More remarkably, scientists found a group of military interpreters actually developed a larger hippocampus (the part of your brain which controls emotion and memory) after just three months of intense language learning.

Get more from travel

A priority for many retirees is getting the most out of global travel. While it’s possible to experience an amount of local culture by sticking to popular tourist resorts and hotels where you’re likely to find someone who speaks English, if you want to venture beyond such places, knowing the local language is very useful.

According to a survey by Travel Supermarket, 59% of British holidaymakers try to use the local language while travelling abroad. But we’re not just struggling to remember our school level French; more and more British travellers actively study the local language.

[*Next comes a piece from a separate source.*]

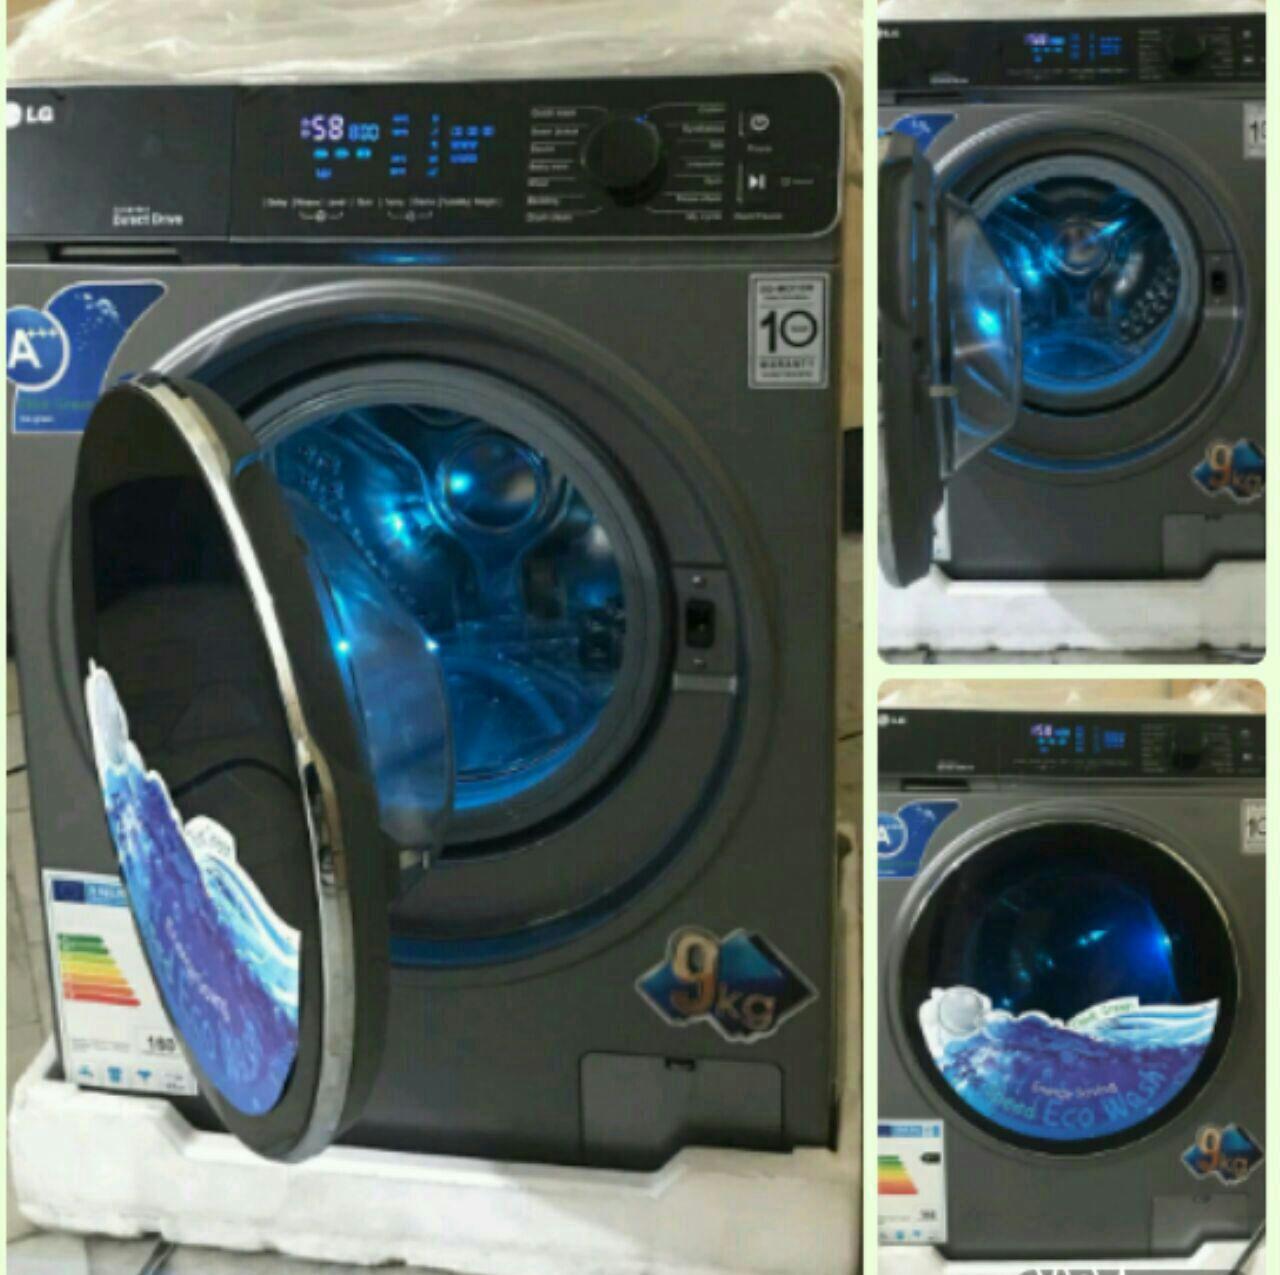 ماشین لباسشویی ال جی LG رنگ تیتانیوم 9 کیلویی درب بزرگ. روشنایی ال ای دی
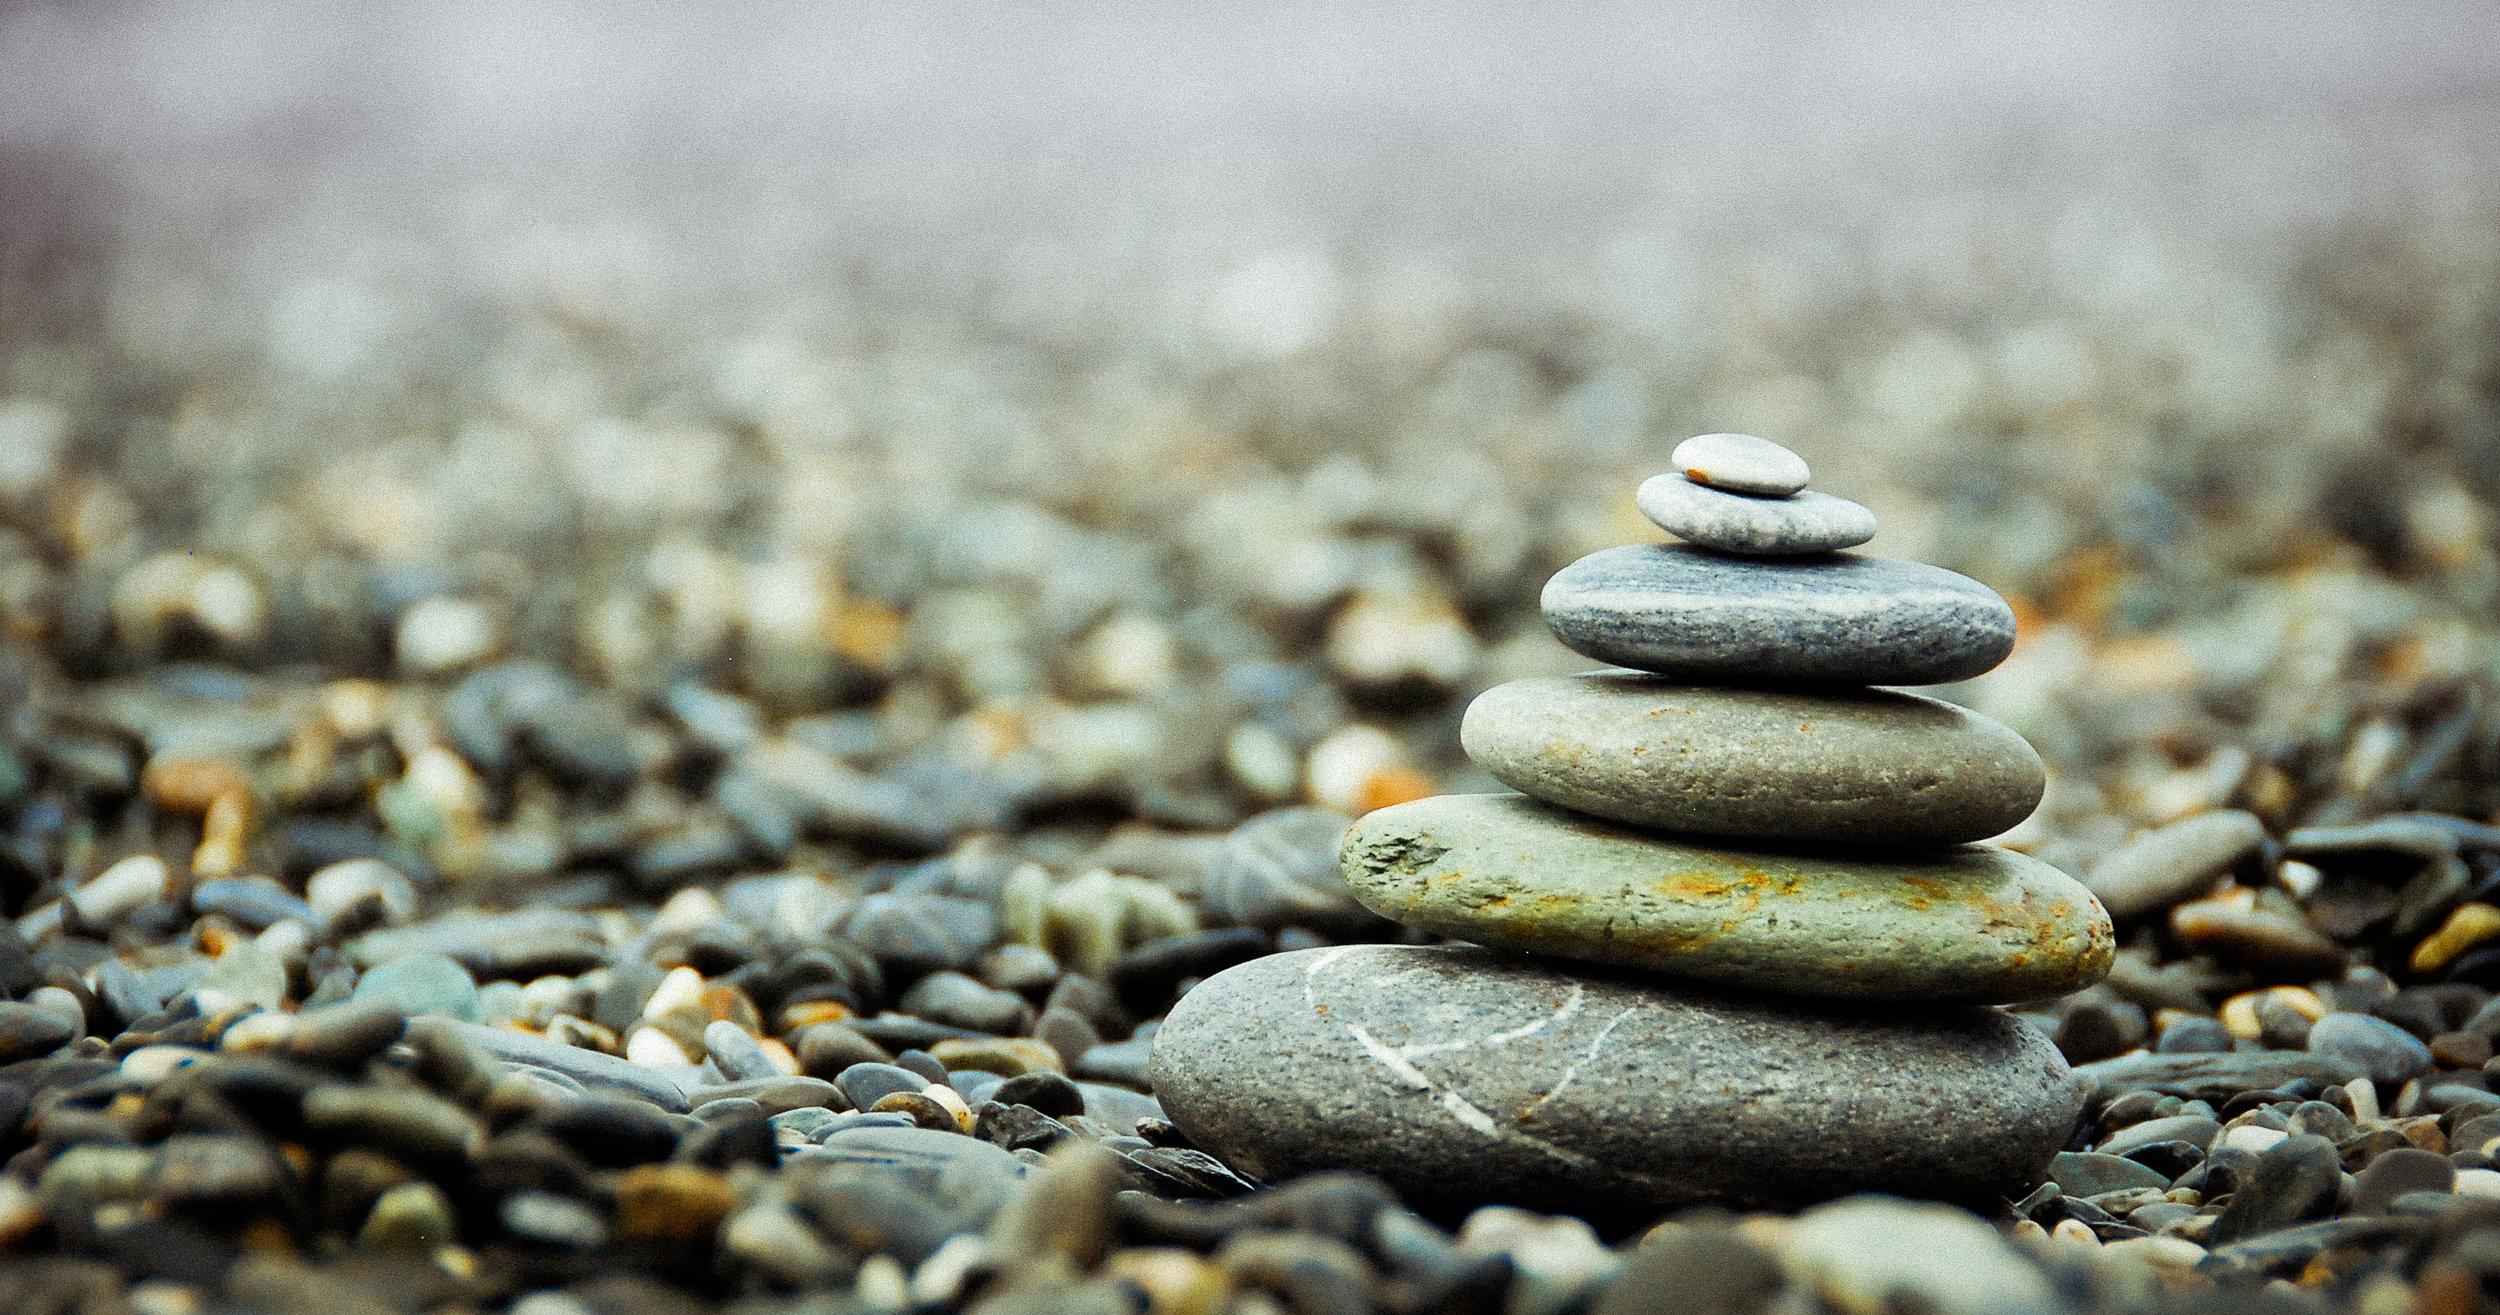 Establishing Balance

A basic ability in a foreign language will help you to ‘get by’, i.e. to order food and drink, find your way around, buy train tickets, etc., but if you have a more advanced knowledge of the language, you can have real conversations with the people you meet, which will add a new dimension to your holiday. Its an opportunity to make new friends, make useful business contacts, or even find your soulmate in an exotic paradise!

Get in touch with your roots

Language learners who study a language with the aim of better understanding a culture, history and society are integratively motivated.

Considering many of us here in the UK have relatives and ancestors who speak a different mother tongue, it seems a shame to lose that cultural heritage. That’s what Donald Williams sought to rectify when he took up study of Welsh aged 70. It offered him a tangible way to reconnect with his roots.

What’s more, language learning is a hugely sociable activity—language by its very nature connects people. Whether you’re looking to reconnect with the past or forge new connections, language learning can help you avoid isolation and boost self-esteem.